9. A system for sensing and analyzing multimodal data in classified spaces as described in claim 8, characterized in that: The first threat indicator and the second threat indicator are respectively converted into probability assignment functions under the same identification framework; By employing the evidence combination rule, the first basic probability assignment and the second basic probability assignment that are aligned in time are fused to obtain the joint confidence level allocation; The joint confidence level allocation is adjusted according to a preset spatiotemporal logic rule, which includes: when the laser eavesdropping event represented by the first threat indicator and the electromagnetic anomaly event represented by the second threat indicator overlap within a time window, the confidence level of the eavesdropping attack is increased; when only the second threat indicator appears and the first threat indicator does not simultaneously indicate laser eavesdropping, the confidence level of the eavesdropping attack is reduced and marked as an event to be observed.

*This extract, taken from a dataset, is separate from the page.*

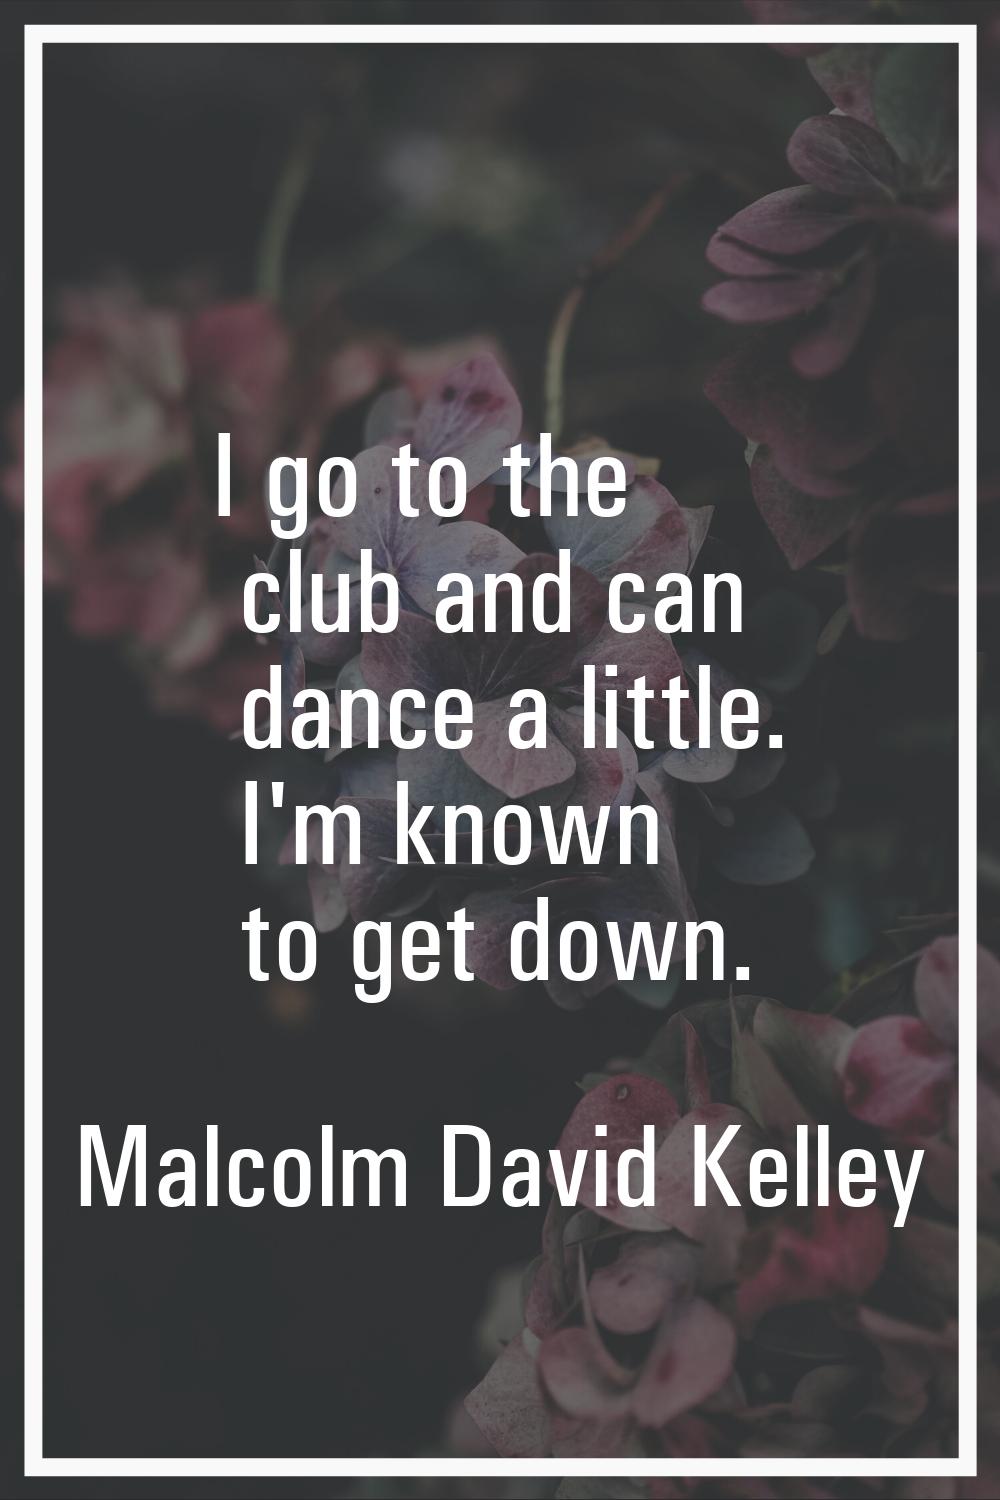 I go to the club and can dance a little. I'm known to get down.

10. A method for sensing and analyzing multimodal data in classified spaces, characterized in that, A system for sensing and analyzing multimodal data in classified spaces as described in any one of claims 1 to 9, comprising: S1 simultaneously acquires the first vibration signal, the second vibration signal, the acoustic reference signal, and broadband electromagnetic spectrum data; S2 processes the first vibration signal, the second vibration signal, and the acoustic reference signal to construct a higher-order coupling tensor. It applies physical regularization constraints to the coupling tensor and performs block term decomposition to separate the time-domain components of multiple excitation sources. Based on the nonlinear directional information transmission measure between each excitation source and the first vibration signal, it identifies laser eavesdropping sources and generates a first threat index. S3 processes the broadband electromagnetic spectrum data to construct a spatial covariance matrix and embed it into a positive definite manifold. A filtered complex is constructed on the manifold, and a continuous homology is calculated to generate the current persistent graph. The topological drift between the current persistent graph and the historical persistent graph is calculated, and a second threat index is generated through change point detection. S4 performs time-aligned evidence fusion on the first threat indicator and the second threat indicator to generate comprehensive alarm information.